One of the things that is [indiscernible] in our space is if you have an individual small project and you march off and change some parameters, you don’t always have that control experiment to compare it to. So the 51-well project will have the opportunity to have several subtests within that to have good offset control and really normalize out some of the geologic and other attributes that can cloud your conclusions. So it’s a good question. We think that we’re ready for a project of this size, and we do really look forward to delivering outstanding results with it.
Operator: Your next question is from Noel Parks of Tuohy Brothers.
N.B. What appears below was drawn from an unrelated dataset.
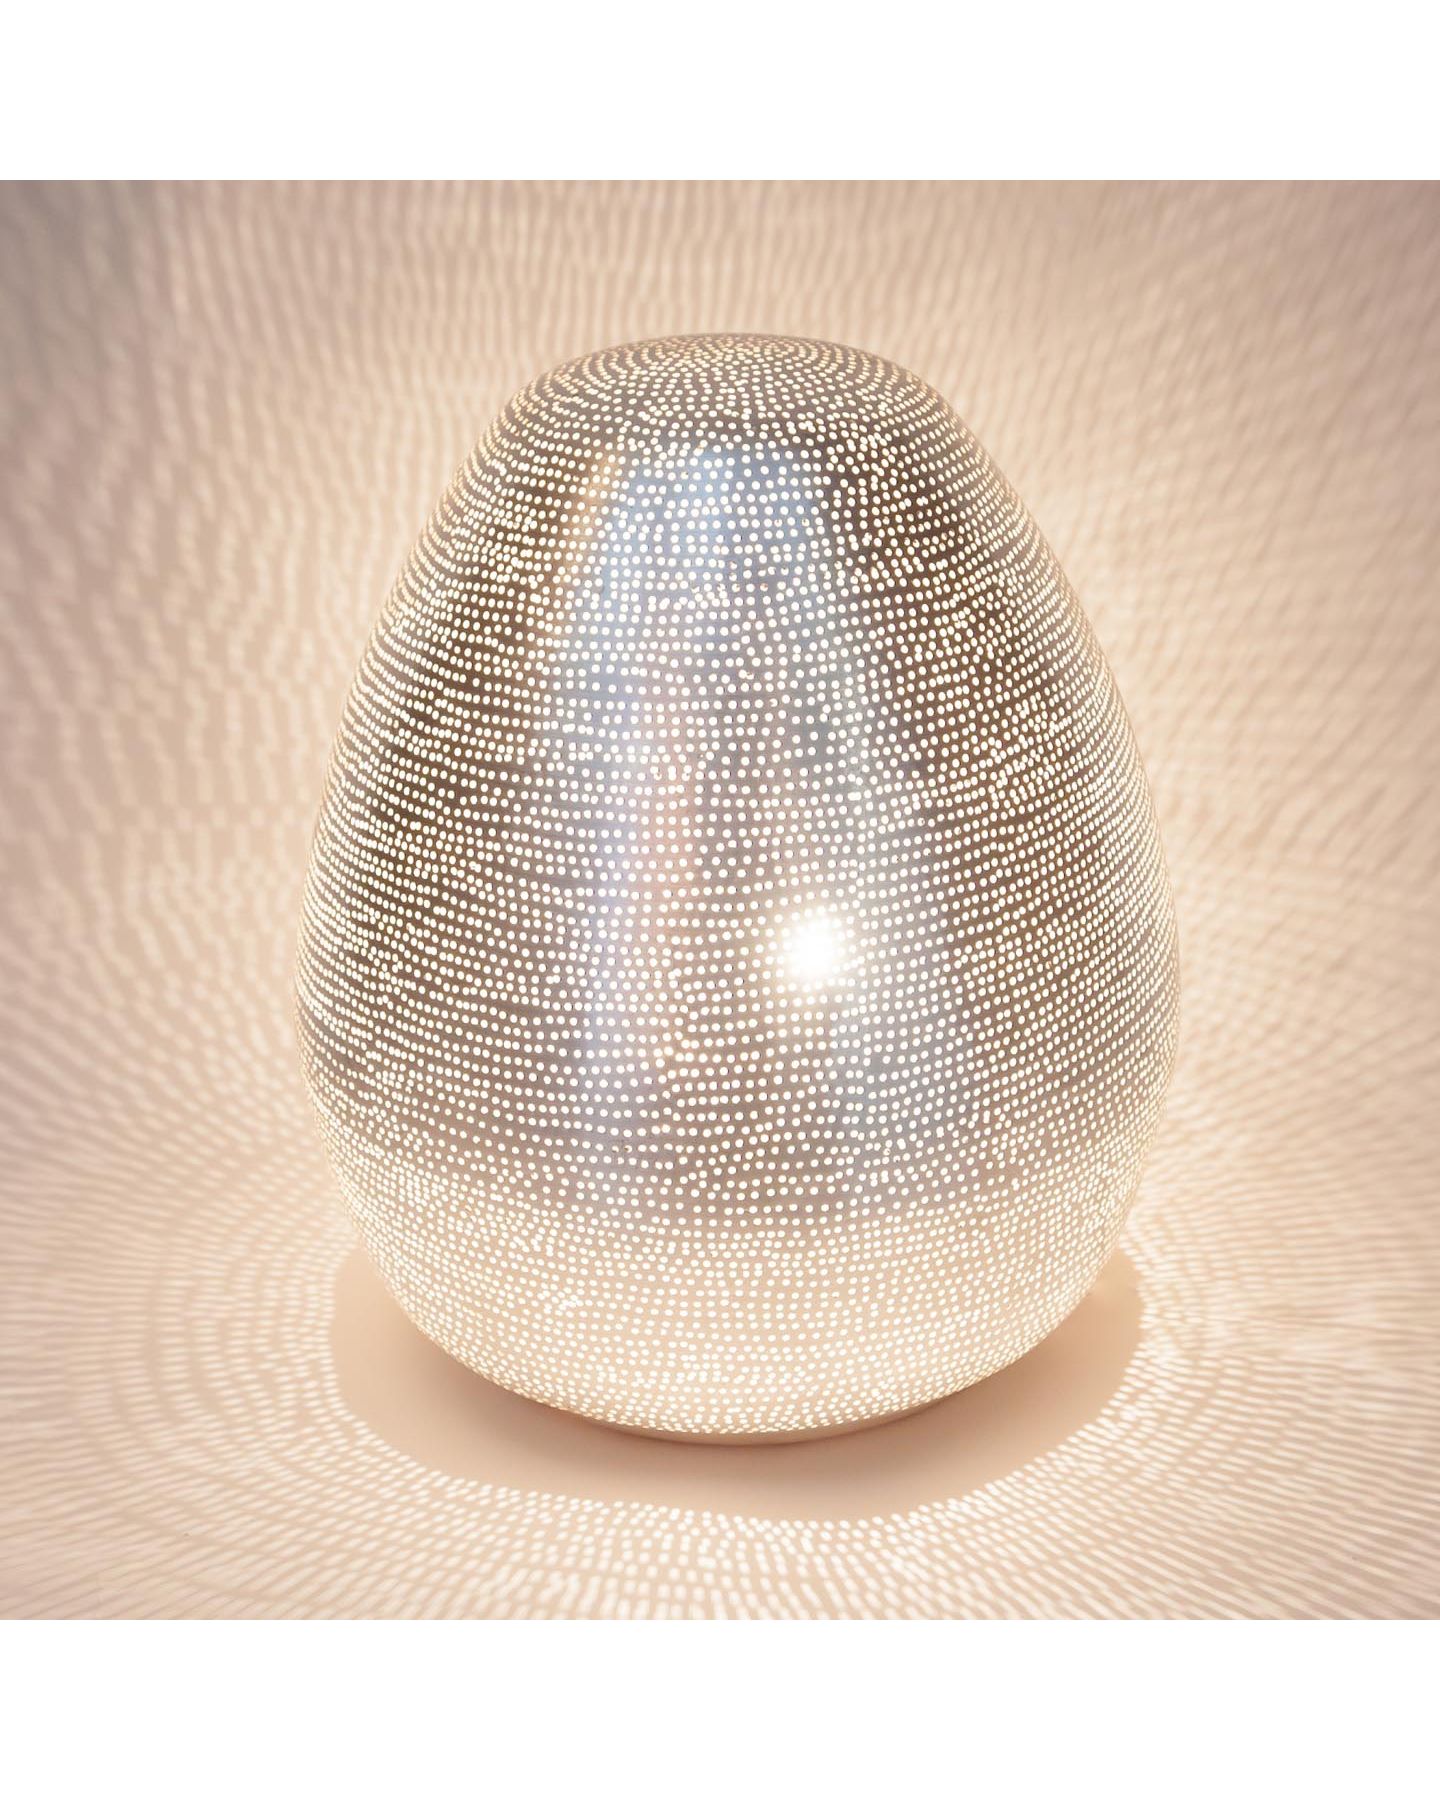 Lampe à poser KR ZEN conçue en papier non tissé et fibre de verre

Noel Parks: I wondered if you could talk a bit about your thoughts on sort of the risk reward of infrastructure investment going forward from here? And I’m thinking in particular about this low we’re in with gas prices, oil strengthening and that makes me think, of course, about the Permian and associated gas. And I thought there’s somewhat mixed signals about how that might fare with the LNG uplift on the horizon. And so just between Marcellus addition and of course being in the Permian, just your thoughts on maybe what infrastructure priorities might look like heading into LNG?
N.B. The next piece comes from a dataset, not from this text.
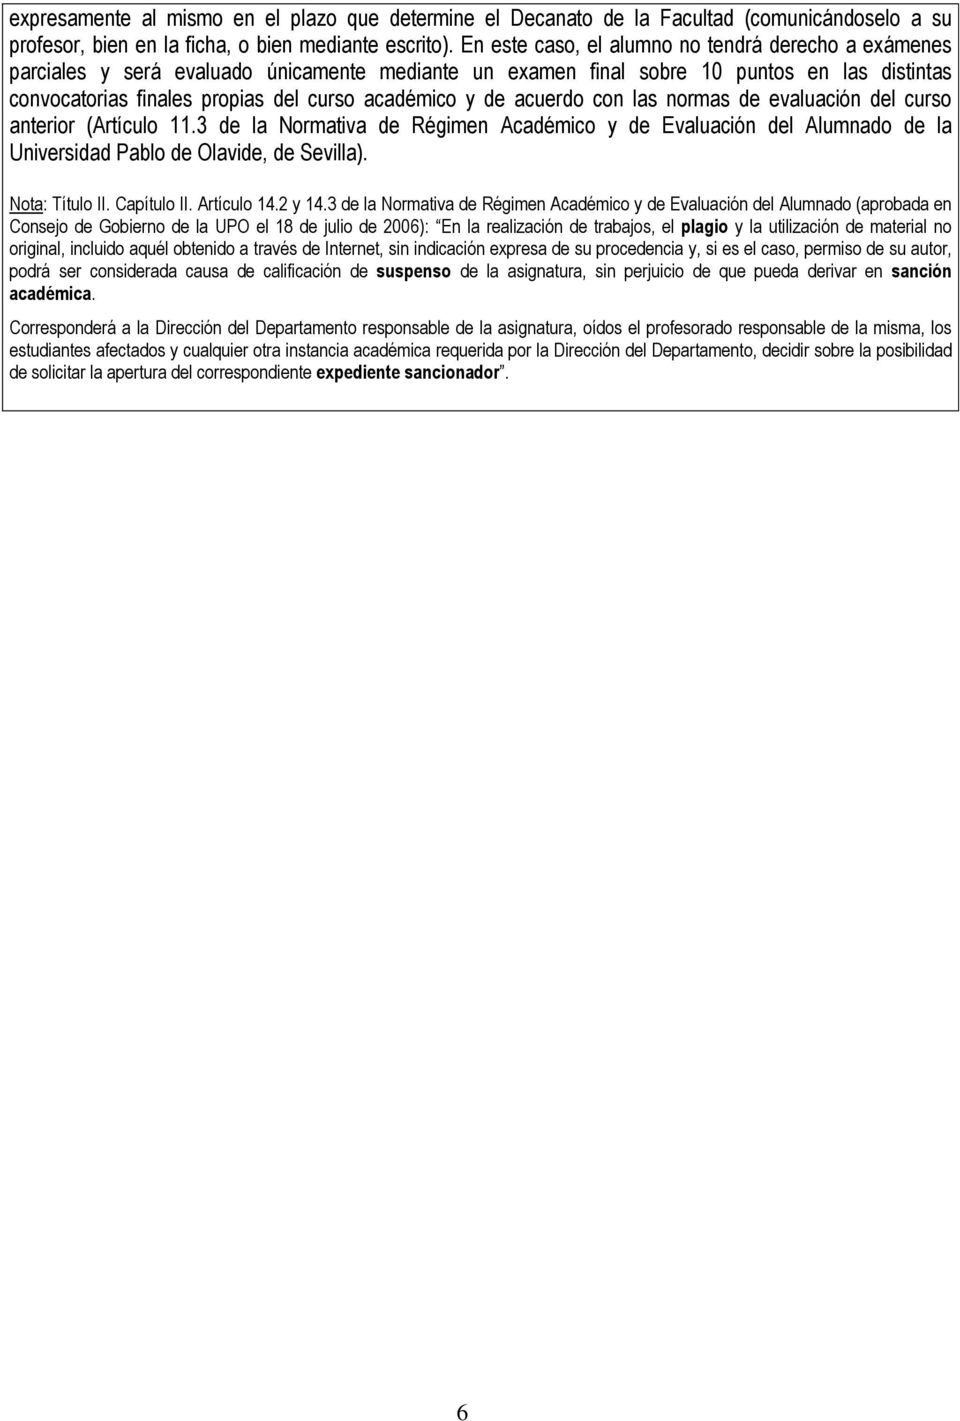 de acuerdo con las normas de evaluación del curso anterior (Artículo 11.3 de la Normativa de Régimen Académico y de Evaluación del Alumnado de la Universidad Pablo de Olavide, de Sevilla).

Blake Sirgo: Yes. This is Blake. I’ll take that one. Your first question around Waha. Waha has traditionally been pressured, but we’ve actually seen it open up quite a bit this year. That’s with the new expansions coming online. Some of the forecast revisions coming out of the Permian, Waha is looking stronger. And there’s plenty of good options there for — to get Permian gas to LNG. We look at every single one of them. We just haven’t found 1 that works for us yet. Up in the Marcellus, we do have room to grow if we chose to. We know the pipes we can move the gas on. It might come with a little higher cost than we’re seeing now, but that’s factored into our economics.
Noel Parks: Okay. Okay. Fair enough. And I wonder, as far as what you’re seeing in terms of some cost softening on the horizon, just wondering, are you seeing significant divergence sort of in vendor behavior from basin to basin? Are any of your basins are vendors looking sort of more anxious and more proactive about sort of working on price with you? Or is it fairly uniform?
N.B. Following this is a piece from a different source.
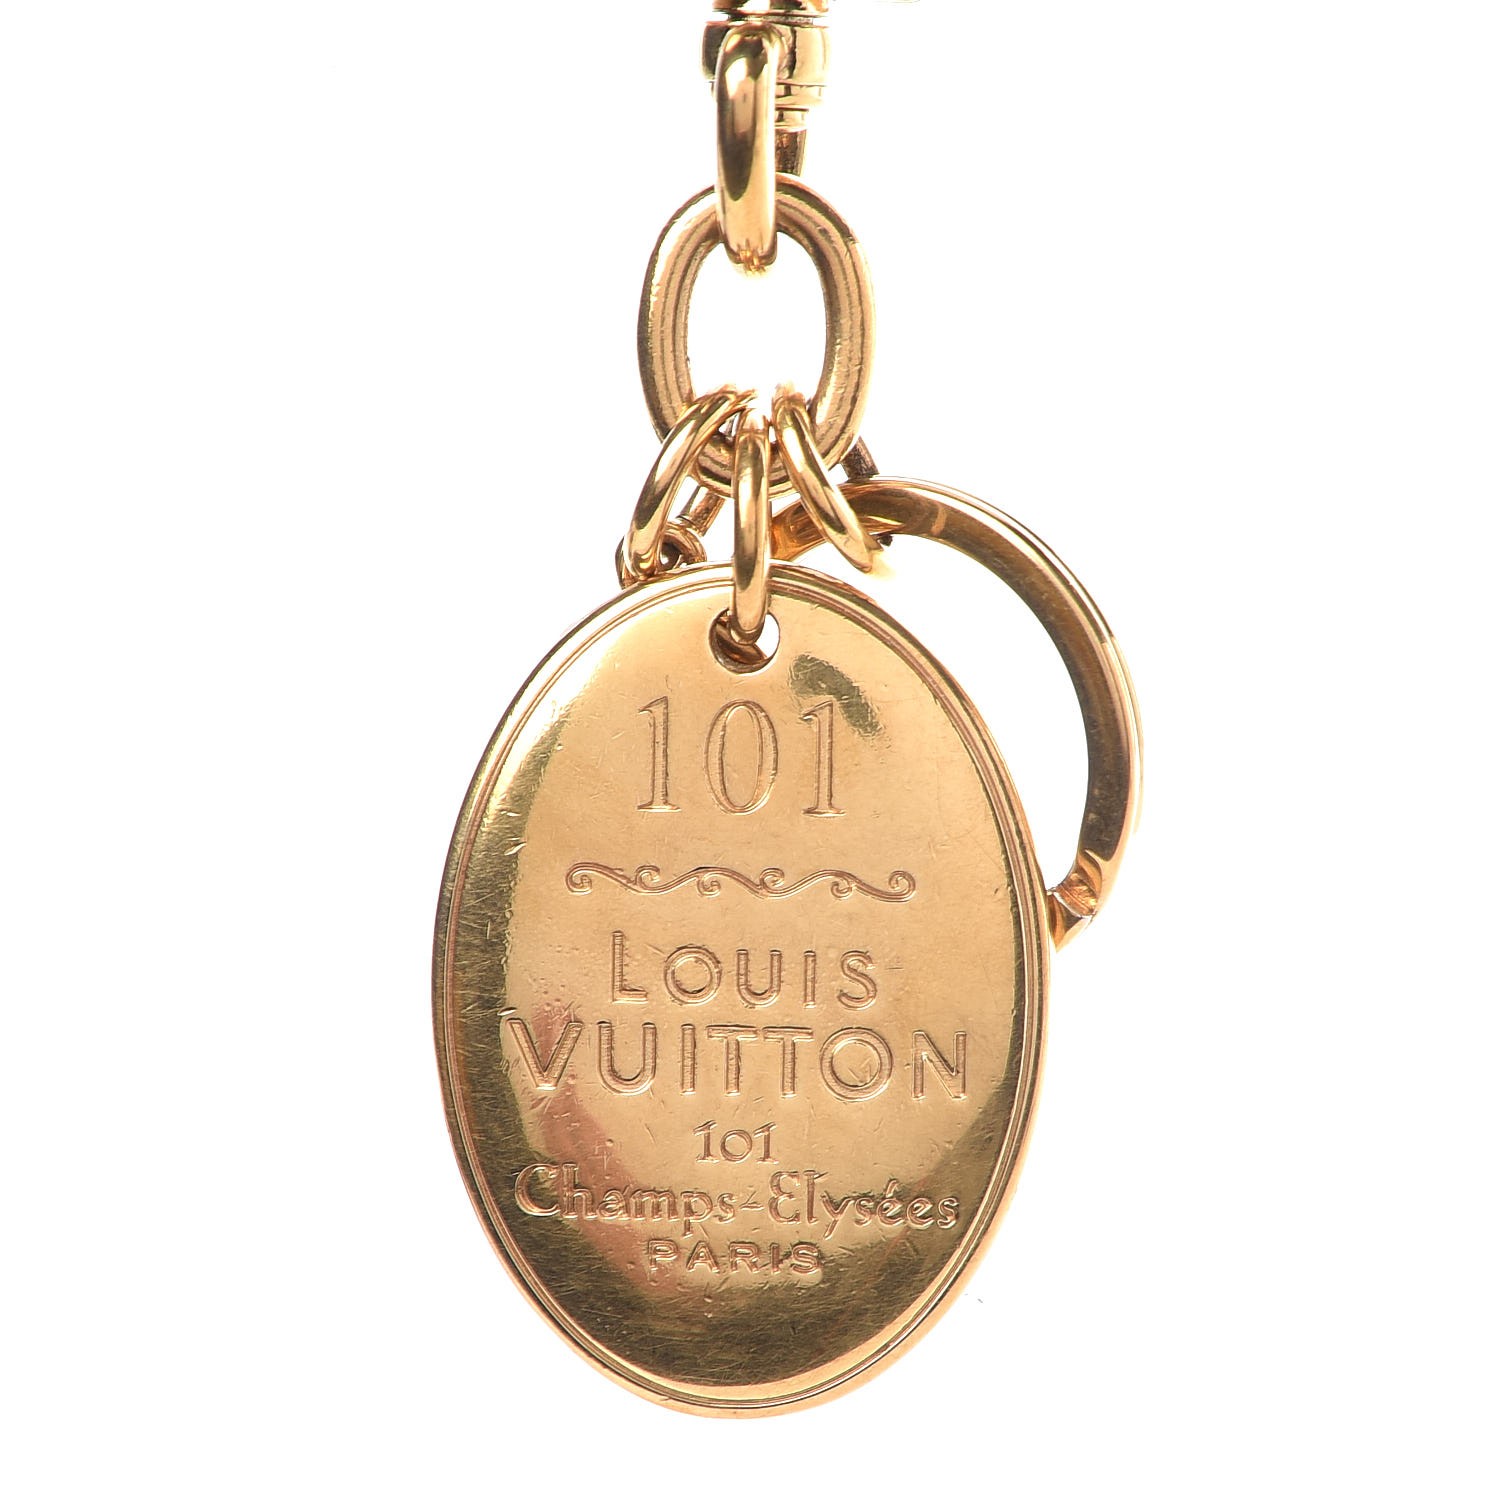 LOUIS VUITTON 101 Champs Elysees Maison Key Charm Gold 302477

Blake Sirgo: Yes. This is Blake. I think it’s fairly uniform. I mean there’s always nuances between basins, but rigs and crews have wheels. And if the arbitrage is big enough, they’ll go to another basin. But, in general, we have great service partners we’ve been with a long time, and we work together through ups and downs.
Operator: There are no further questions at this time. I will now turn the call over to Tom Jorden for closing remarks.
Thomas Jorden: Well, thank you, everyone, and I’d like to turn the call over to Scott for some closing remarks.
Scott Schroeder : Thank you, Tom. And thank you, everyone. It’s been a tremendous ride. I’m extremely proud of what we put together here. Coterra is a great company and all of you and all the investors are in great hands. It’s a unique organization. It was something that people didn’t see coming, but I think 2 years into this, everybody is very happy internally, and I hope externally that it all came together. I’ve been tremendously blessed, and I thank all of you for your support and trust over the years and rest assured that you’re in great hands with Shane and the entire Coterra team as you go forward. Again, thank you for everything.
Operator: This concludes today’s conference call. Thank you for your participation. You may now disconnect.